O socialismo ilude-nos com a criação de riqueza, que se pretende resulte de uma medida política, que se vê e se controla. Nas políticas socialistas há um princípio, um meio e um fim. Podem ser revogadas ou até repetidas. As medidas de criação de riqueza estão nas mãos de quem decide: os eleitos que as tomaram e que poderão ser condenados ou premiados pela maioria dos eleitores. Há um sentimento de segurança e previsibilidade.

O socialismo tira riqueza a quem a produz e dá-a, não a quem necessita mas, a quem melhor a exige. A quem no estado detém o poder. Vemos isto na luta dos lobbies, entre as autarquias e as várias regiões do país. Na luta dos sindicatos, nas ordens profissionais e até entre os próprios ministérios. Ganha o melhor político, o mais convincente, o grande negociador.

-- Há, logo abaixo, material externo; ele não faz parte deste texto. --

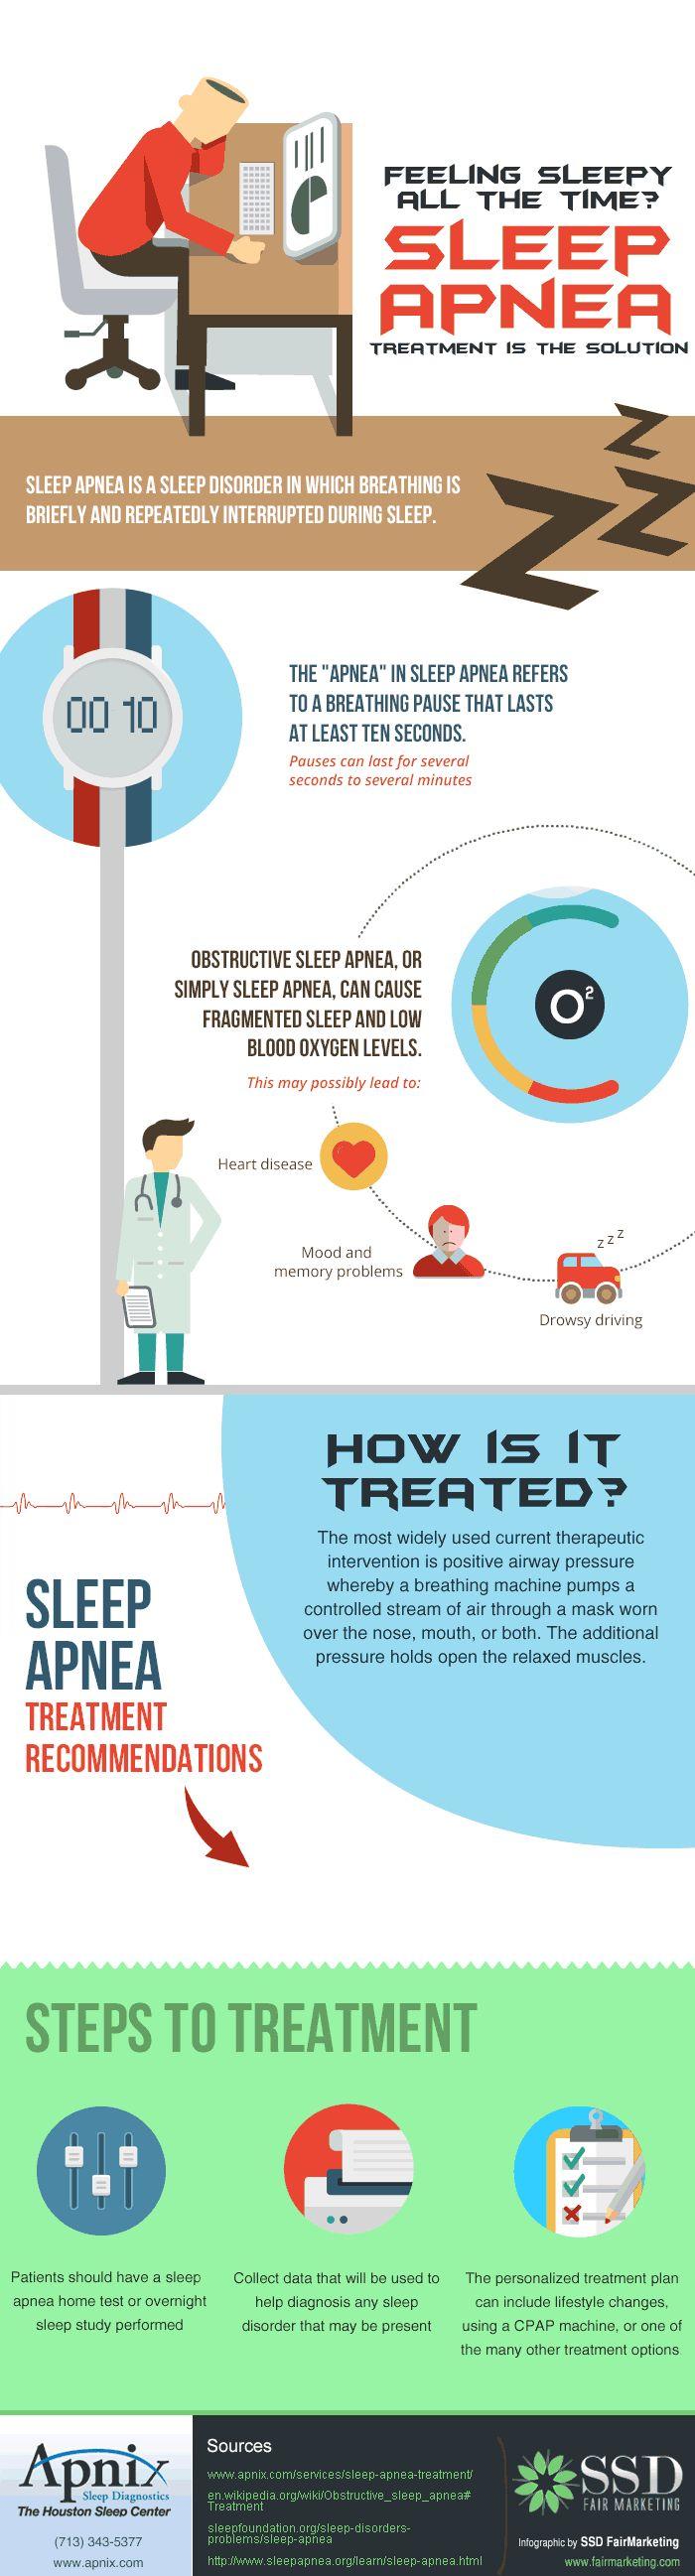 Gifographic for Sleep Apnea

Raramente ganha a melhor opção. Essa seria escolhida individualmente e em liberdade. Tal implicaria uma limitação do poder do estado. Um sentimento de vazio e impotência. O que mata o socialismo não é apenas a sua injustiça, nem a limitação da liberdade. É a descrença na pessoa humana. No indivíduo e na família. O socialismo joga com o desconhecido e assusta com o medo. Nobre Guedes foi mais um, de muitos outros, a fazer o aviso: Tenham medo, tenham muito medo.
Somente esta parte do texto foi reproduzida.